------ GIVEN DATA

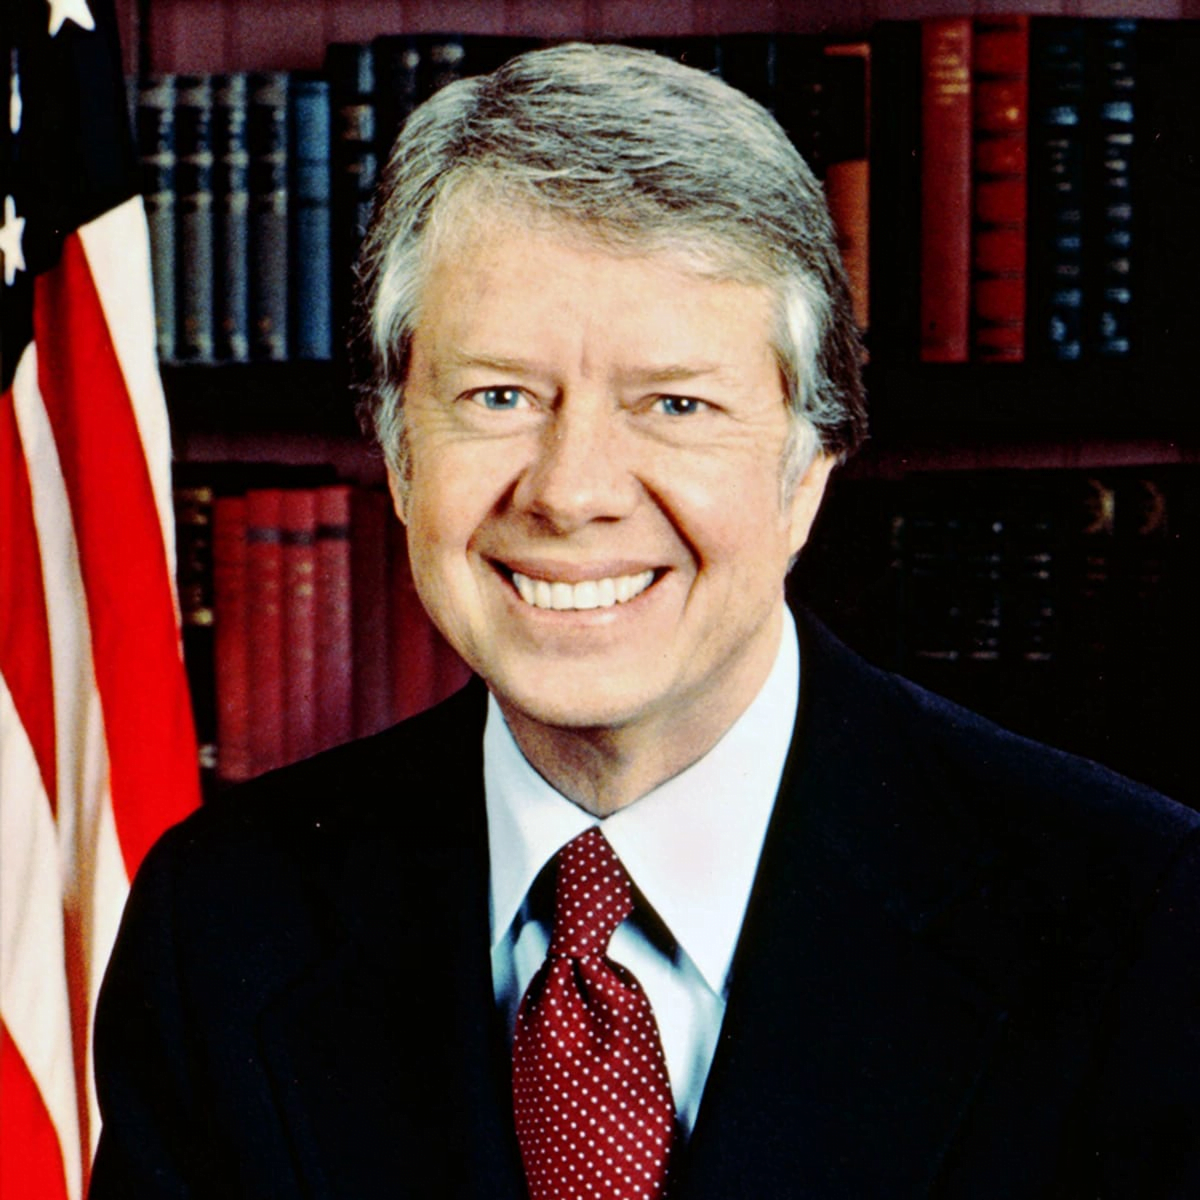 Jimmy Carter children; list of all Jimmy Carter's kids
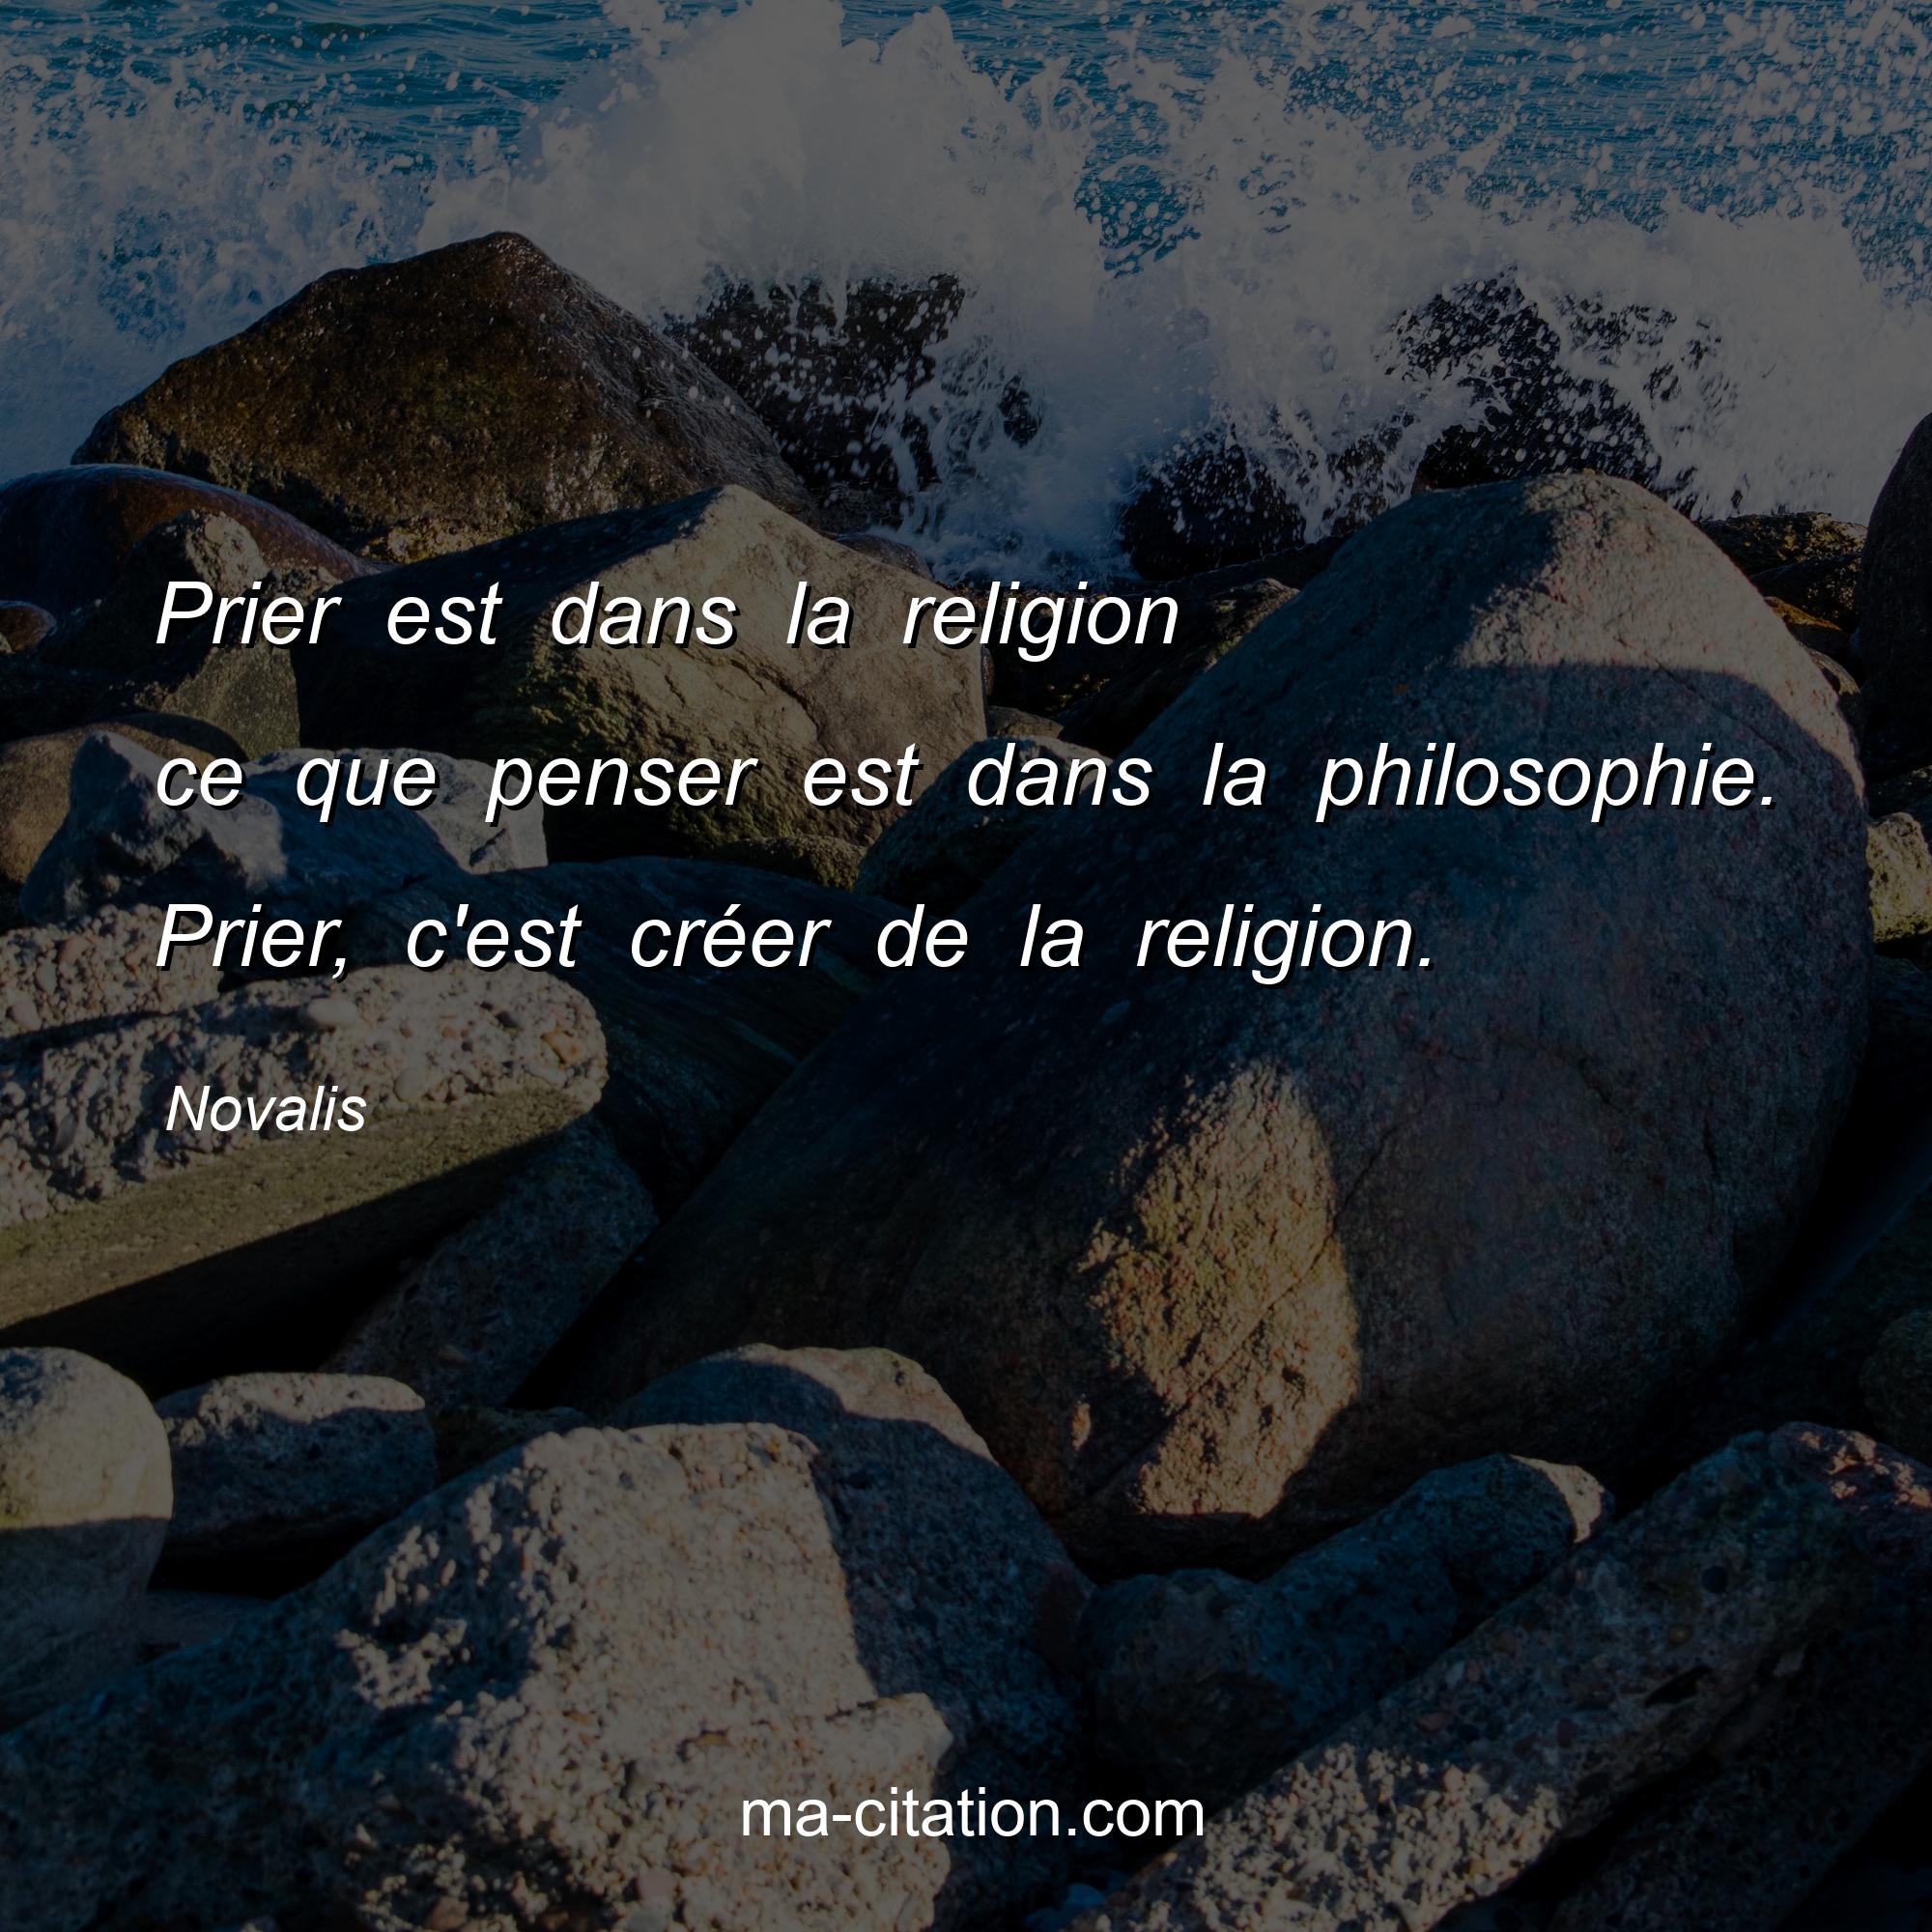 Novalis : Prier est dans la religion ce que penser est dans la philosophie. Prier, c'est créer de la religion.
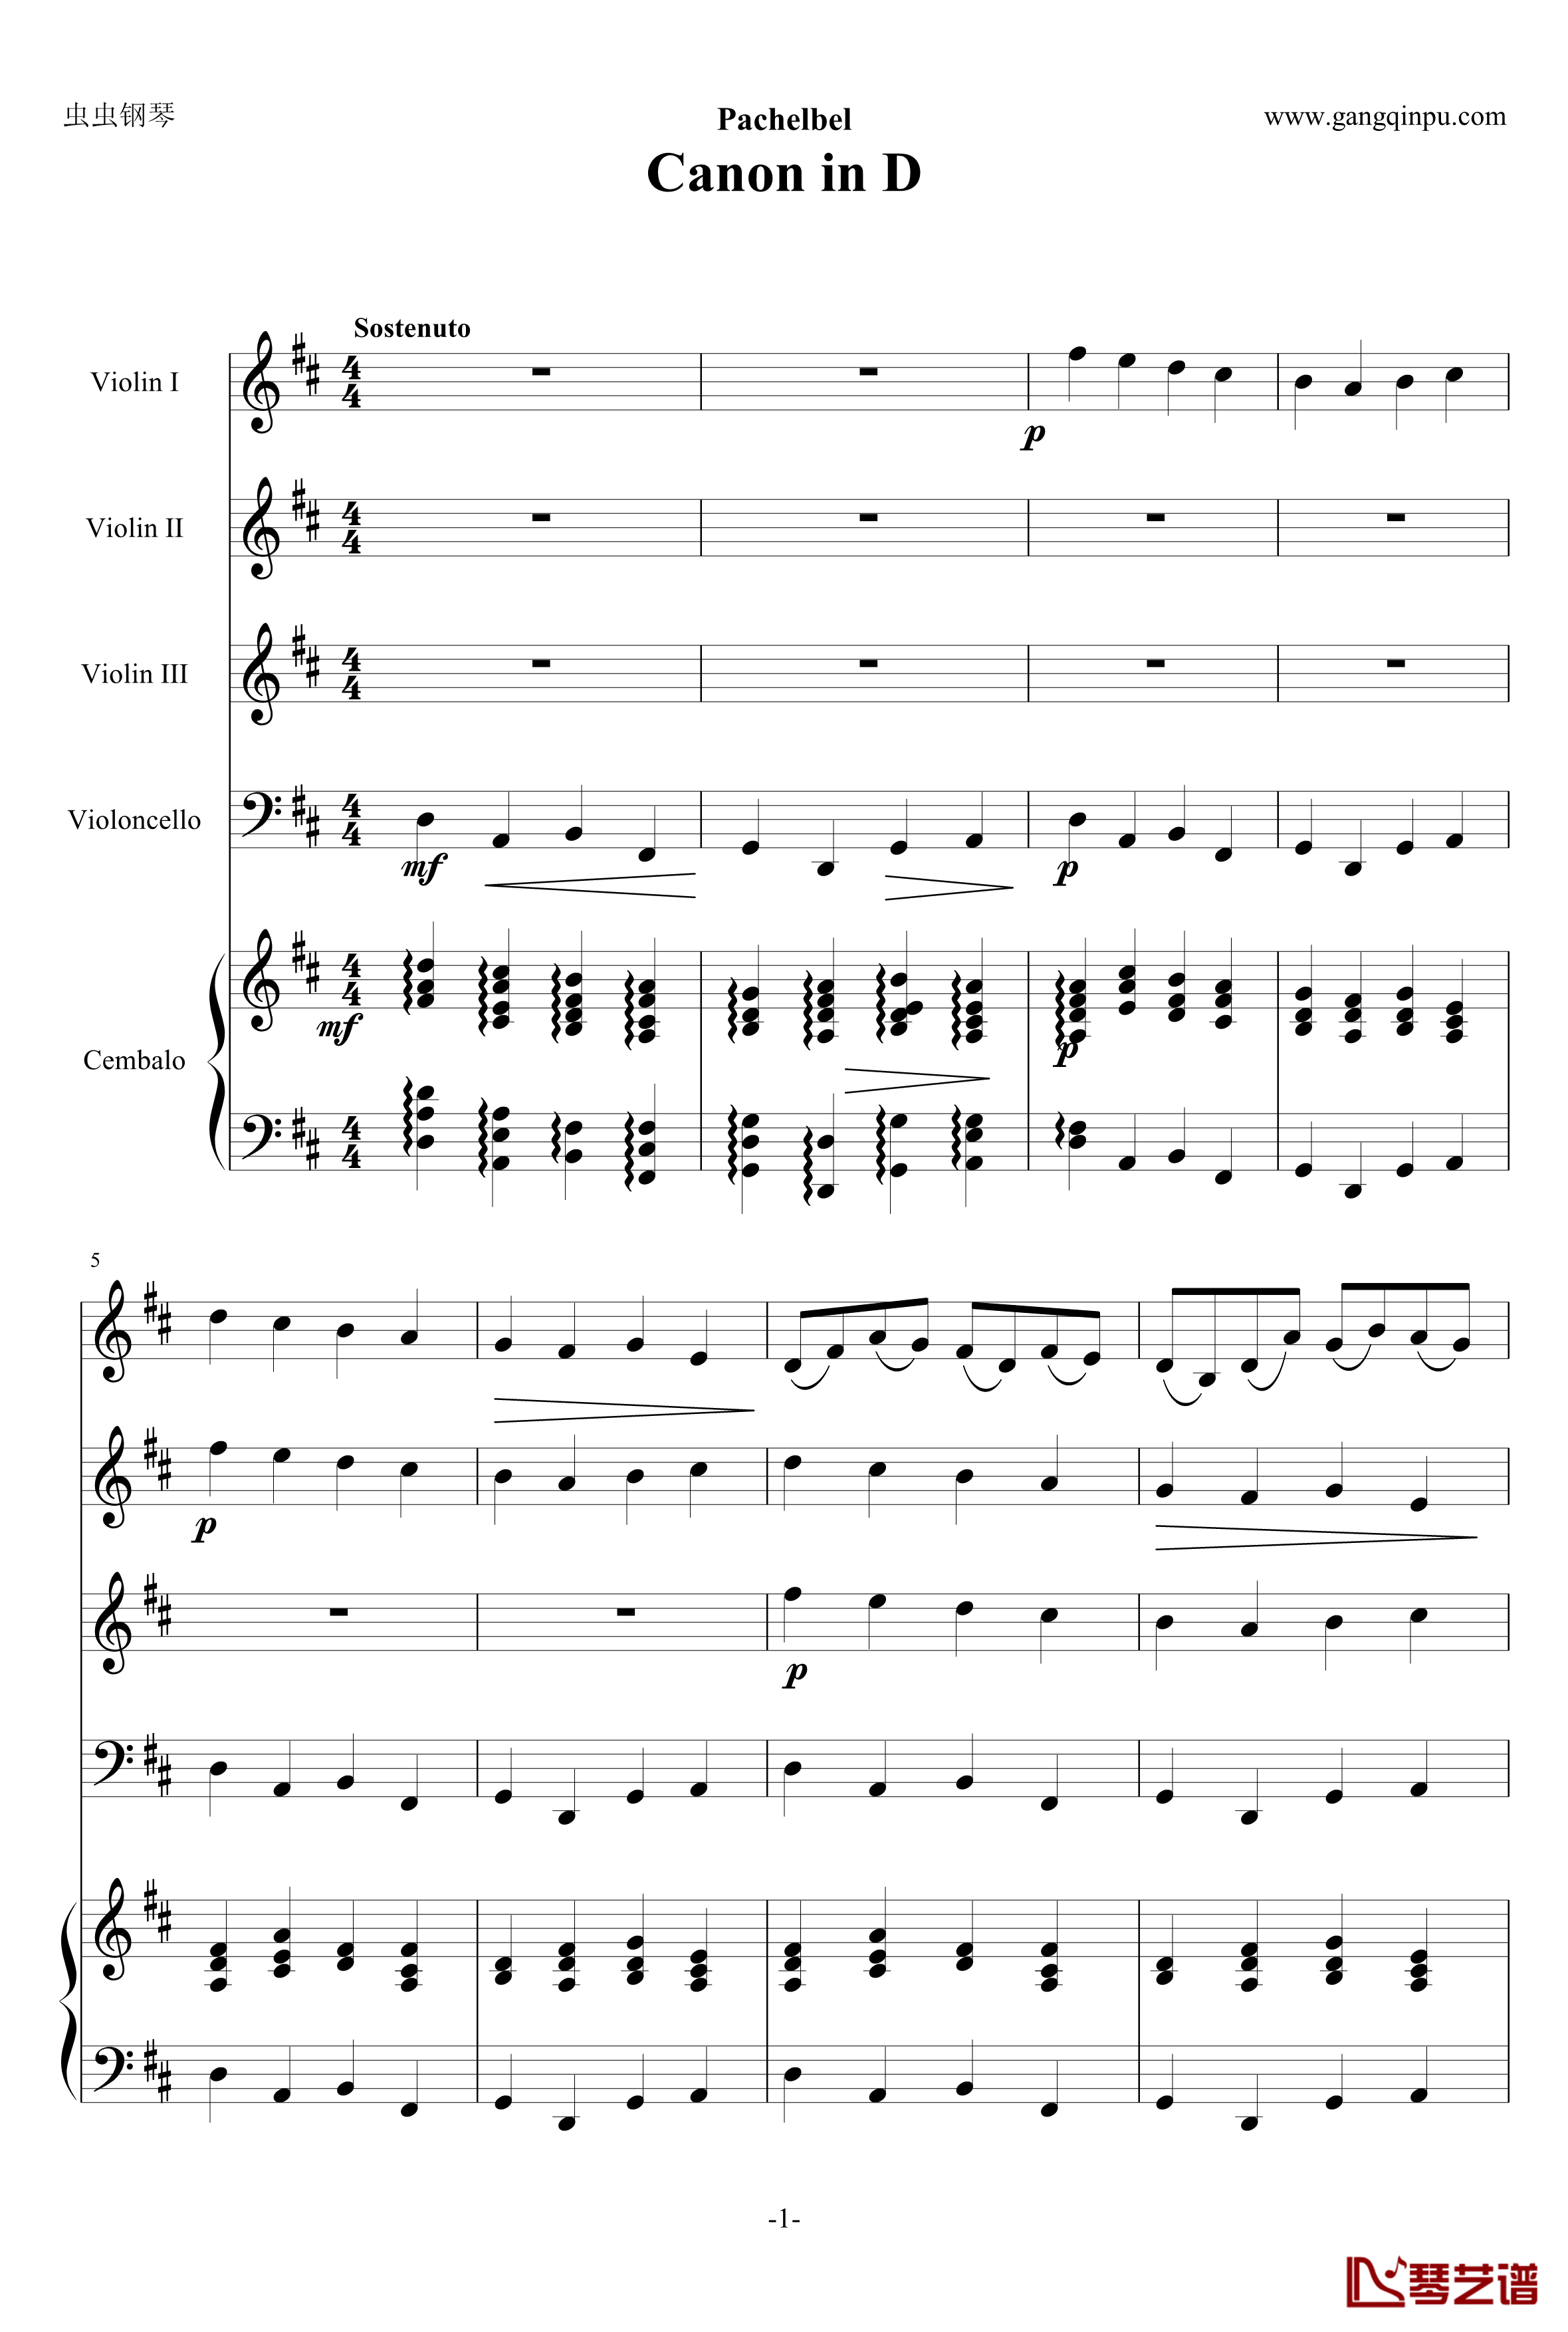 卡农钢琴谱-原版引进-帕赫贝尔-Pachelbel1

------------

→ **WHAT TO DO**
What is wanted is the listing, written out exactly, with each picture removed.

→ **TASK RESPONSE**
 Jimmy Carter children; list of all Jimmy Carter's kids
 Novalis : Prier est dans la religion ce que penser est dans la philosophie. Prier, c'est créer de la religion.
 卡农钢琴谱-原版引进-帕赫贝尔-Pachelbel1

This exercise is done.